A. Mouse heart in frontal plane section immediately at term birth. Scale bar = 400 micrometers. Note the tricuspid valve septal leaflet (white arrow) has not delaminated from the ventricular septum. The tricuspid valve annulus sits inferior to the mitral valve annulus, similar to in the human. B. A fetal echocardiographic image from a human fetus in the second trimester. RA indicates the right atrium. An arrow indicates the presence of a moderator band. The ‘*’ indicates the atrioventricular septum, or area of offset between the mitral and tricuspid valve.

Figure 5

A. Mouse heart at E11.5. Scale bar = 400 micrometers. Arrowheads indicate the bilateral superior vena cavae present in the mouse. B. Mouse heart at E14.5. Scale bar = 350 micrometers. ‘PV’ and the arrow denote the single pulmonary vein orifice present in the mouse. C. Mouse heart at E14.5. Scale bar = 350 micrometers. ‘AA’ indicate the atrial appendages, which are large and constitute a significant portion of the mouse atria. D. Human heart at EGA 7 3/7 weeks (CS 16). Scale bar = 900 micrometers. Arrow denotes the single right superior vena cava. E. Human heart at EGA 8 weeks (CS 18). Scale bar = 900 micrometers. Arrowheads indicate the separate right and left pulmonary vein orifices. F. Human heart at EGA 8 weeks (CS18). Scale bar = 900 micrometers. Arrowhead indicates the atrial appendage which is small in the human in comparison to the mouse.
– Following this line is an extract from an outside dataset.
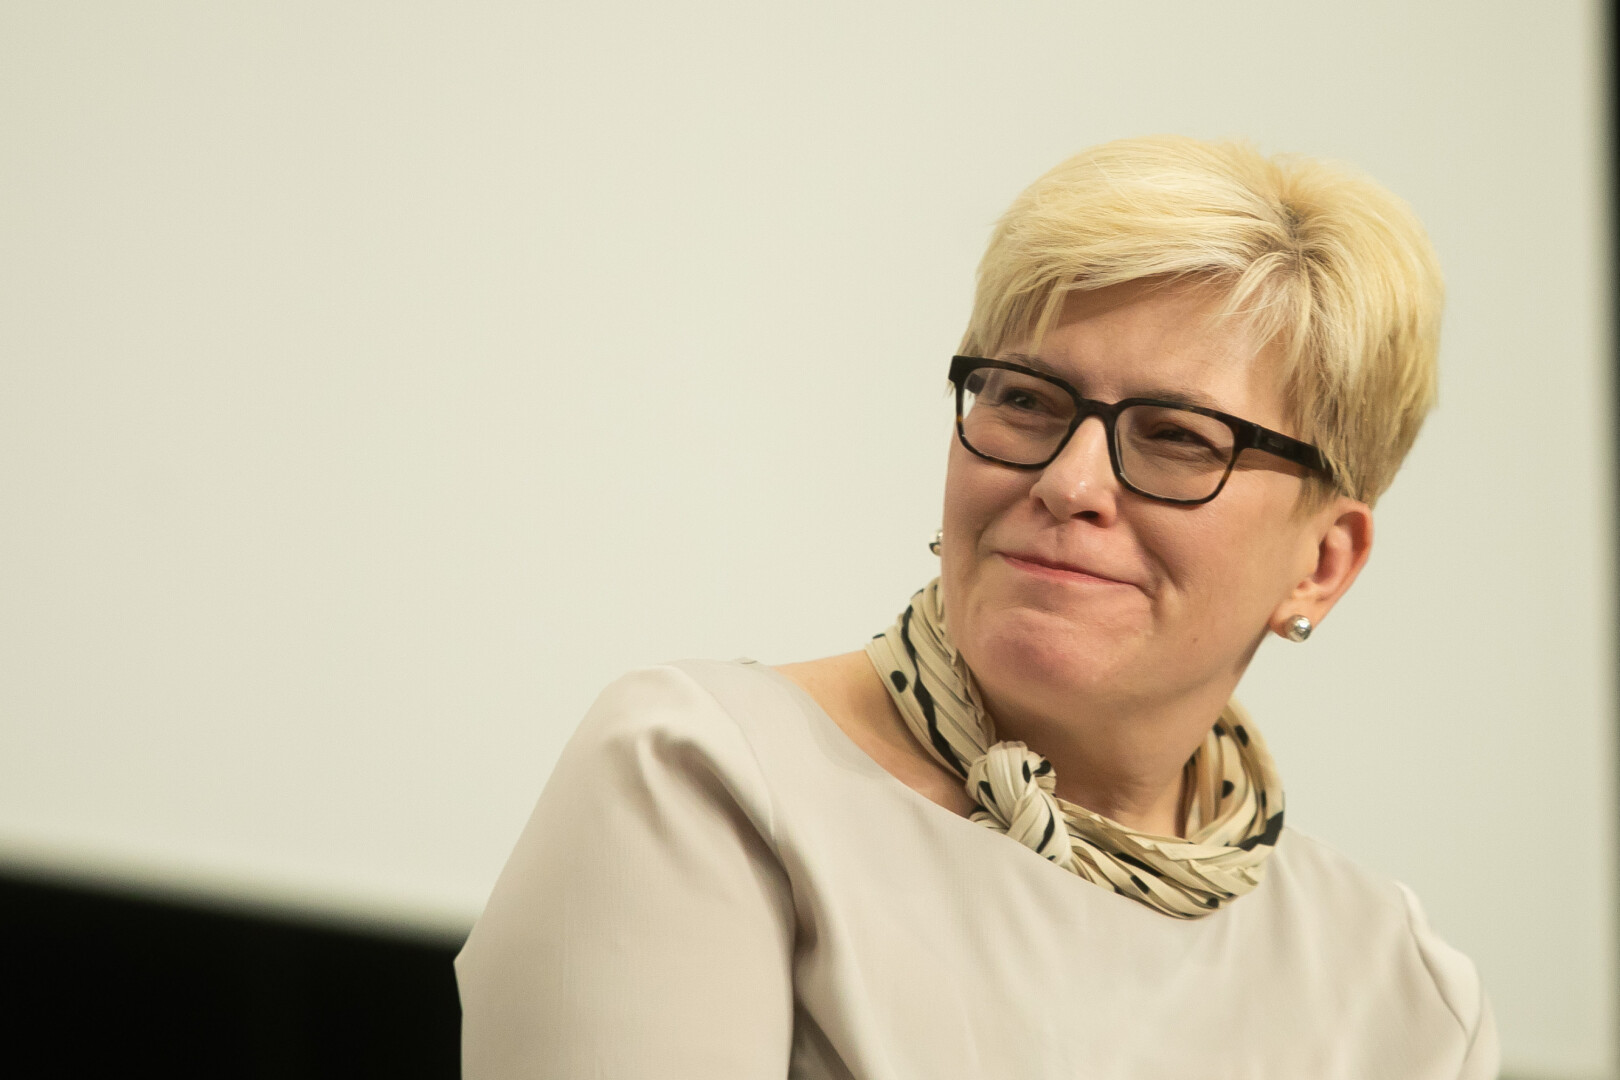 Penktadienio popietę paaiškėjus, jog krašto apsaugos ministras Arvydas Anušauskas atsistatydina, premjerė Ingrida Šimonytė privalėjo nedelsiant paaiškinti susiklosčiusią situaciją, sako opozicinių partijų vadovai.
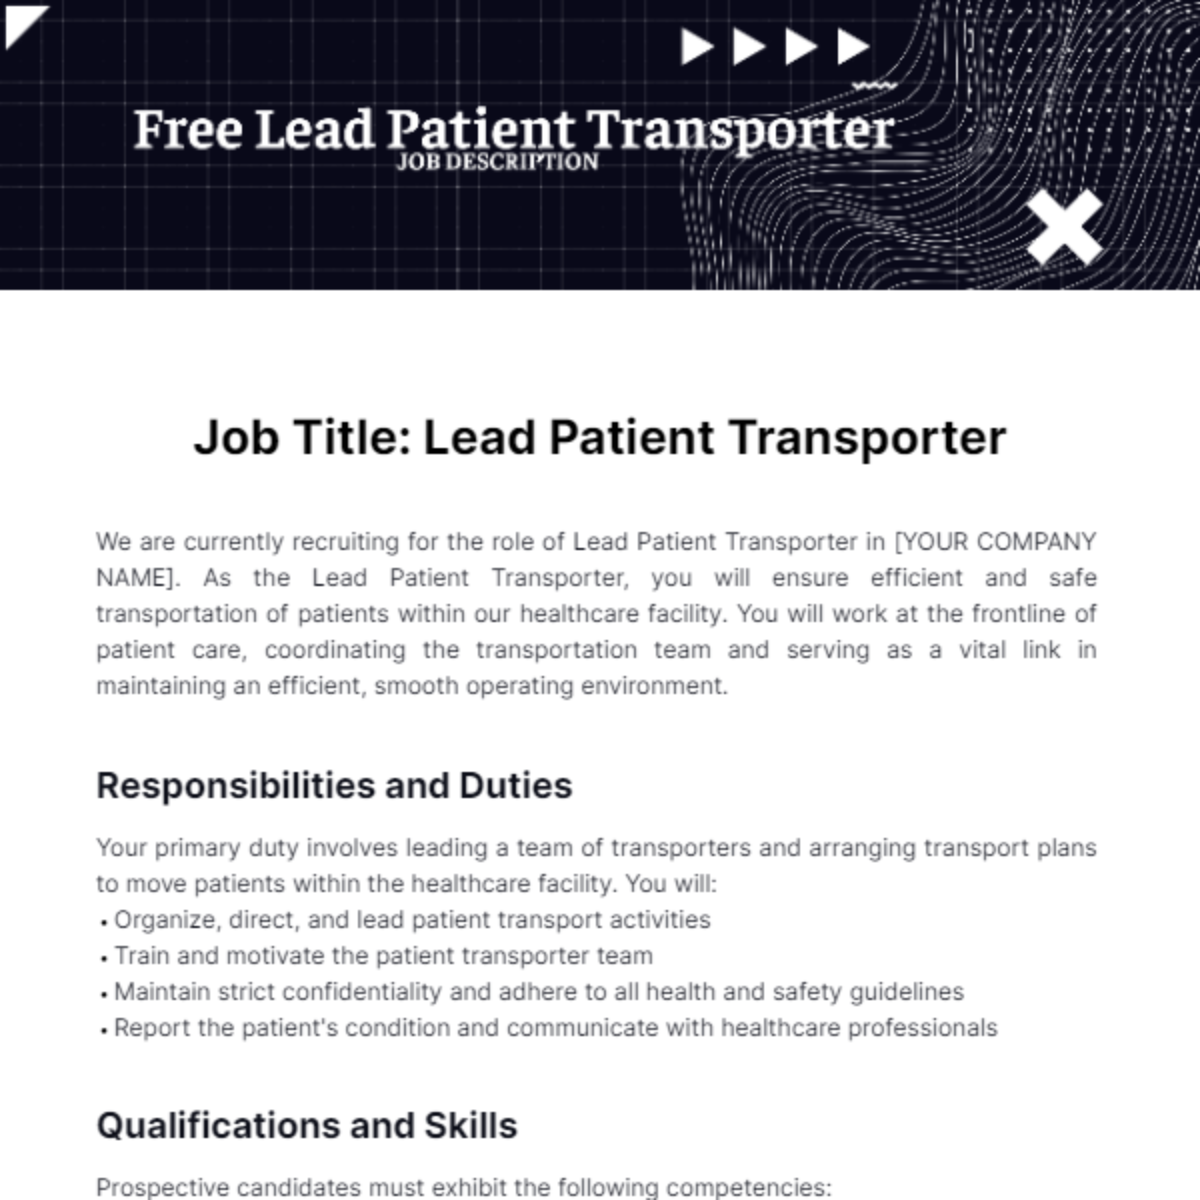 Free Lead Patient Transporter Job Description Template

Figures 5A–F illustrate the comparative venous and atrial anatomy in the mouse and human. Bilateral superior vena cavae (5A) are present in the mouse in contrast to a single right superior vena cava in the human (5D). The pulmonary veins in the human enter in one orifice in the mouse (5B) in contrast to separate orifices in the human (5E). Atrial appendages are large in mouse (5C) and small in the human (5F).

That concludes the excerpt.